I clenched my jaw, knowing she was testing my resolve. The complete lack of sincerity in her voice and the cool glint in her eyes further solidified my decision. I wasn't going to allow her to flippantly brush it all under the rug, to pretend nothing had happened to get us to this point.

I straightened my shoulders, my steely gaze never wavering. "Yeah, you did. Just like you always do, but it's not enough this time. I'm done."

Her jaw dropped, and the flinch and subsequent scrunch of her eyebrows told me I'd thrown her a curveball.

"Done with what?"

"This. Us," I said, moving my hand between the two of us. "I'm done with the fights, the apologies that barely feel like they faze you, and the constant uncertainty I feel around you. I'm tired of working on something that isn't going anywhere." The more I talked, the better I felt. Free. As if the weight of two years worth of drudgery, fine tuning, and constant vigilance was finally being lifted.

"You can't be serious," she said emphatically. "We are not done. You don't mean that." Her voice was biting then soft, full of conviction and confusion, but I could tell the reality of what I was saying was sinking in.

"I am. I'm done, Vic. I can't do this anymore. I don't want to." I paused, and as if I needed to make my point even clearer, I looked her straight in the eye and said, "I'm moving out."

Her silence and my mine was like the death knell sounding. Clear. Loud. Final.

Her mouth opened and closed, her eyes welled with tears, and her shoulders slumped. I felt like a dick for being so harsh. I knew it hadn't all been bad between us, but I couldn't change the way I felt – had been feeling for months – and I knew if she really examined what we had, she'd feel the same way, too.

I waited a second to see if she'd say anything else as she roughly swiped away the tears that had fallen, but she didn't. Her clear, blue eyes finally met mine, and the cool, vacant glare she was giving me made me feel… nothing.

If I had any doubts before – which I didn't - I knew for sure I'd made the right decision.
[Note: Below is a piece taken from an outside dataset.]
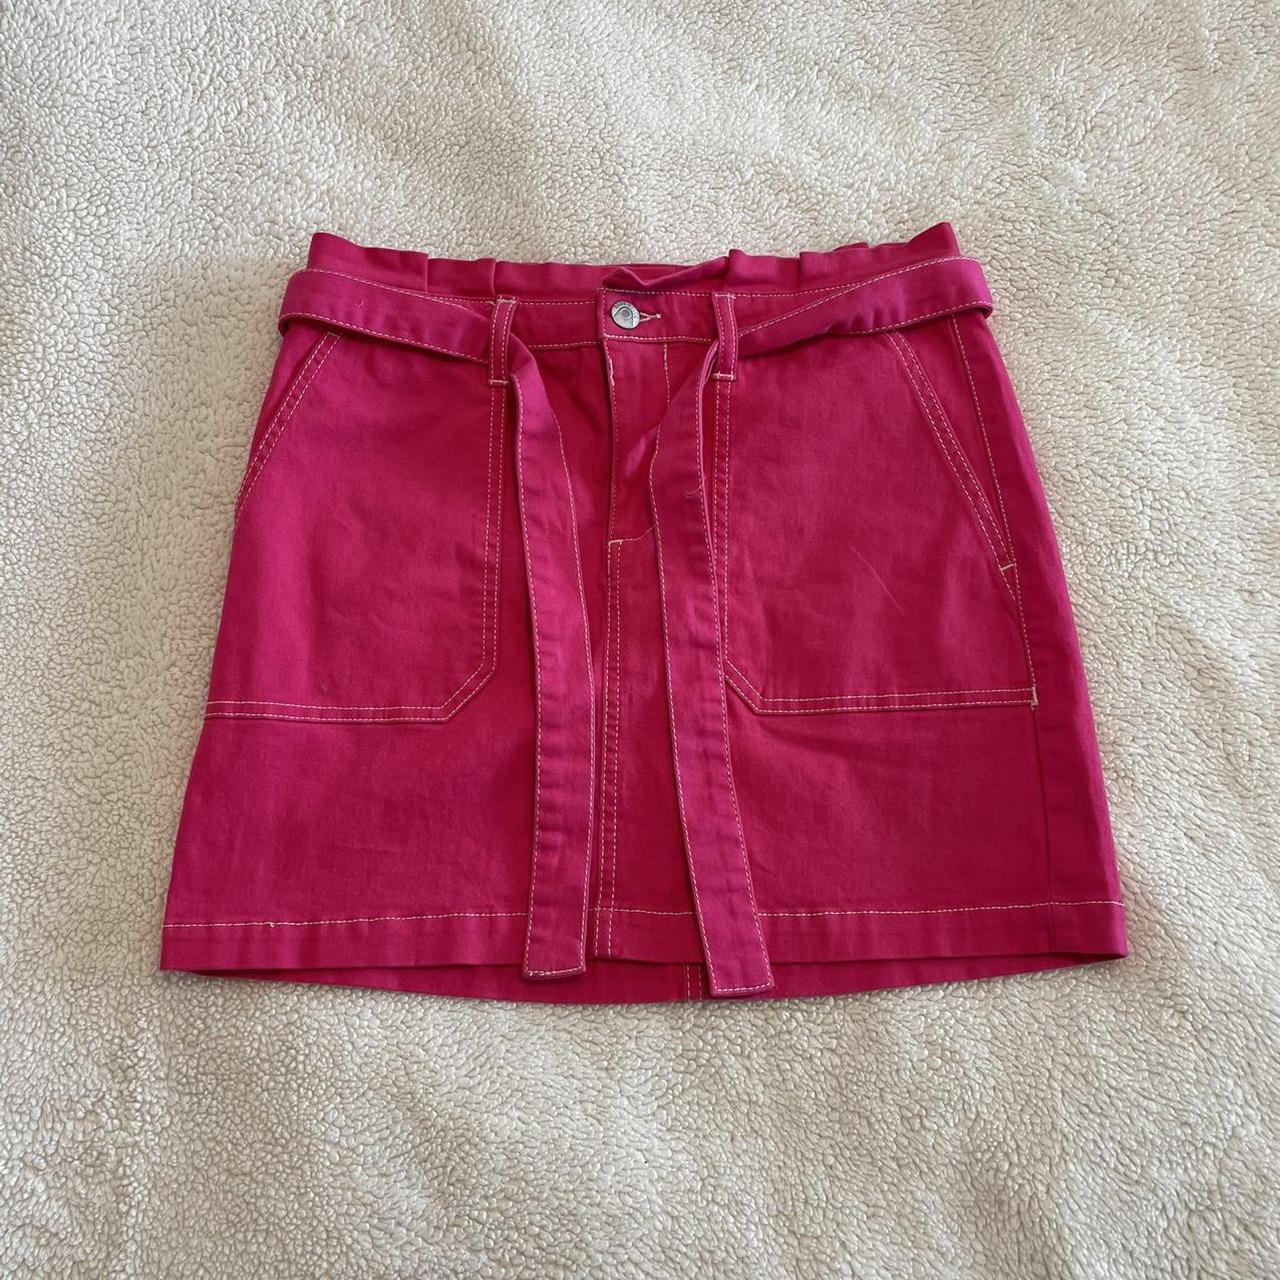 ☆ pink cargo mini skirt ☆   DM FOR BUNDLE... - Depop

Without a backward glance, I walked out the door.

As I drove to work, my thoughts whirled like the snow outside - with the possibilities and what-ifs of where my life would go from there. Feeling like I could breathe for the first time in a long time, I turned on the radio and drummed my thumbs to some upbeat, poppy, Christmas song about mistletoe, playing in the snow, and some girl named Shawty.


Song reference is to Justin Bieber's, Mistletoe. Yes, I actually own it. What's your favorite Christmas song?

As an aside, I've got entries in both the Season of Our Discontent Angst (anon) and Beyond the Pale2 Contests. If you haven't already, take a second and read the entries and vote for your faves. There are lots of great stories in both!

http : / www . fanfiction . net/~seasonofourdiscontent (Dec 10)

http : / www . fanfiction . net/ u/ 2431148/BeyondThePale (Dec 12)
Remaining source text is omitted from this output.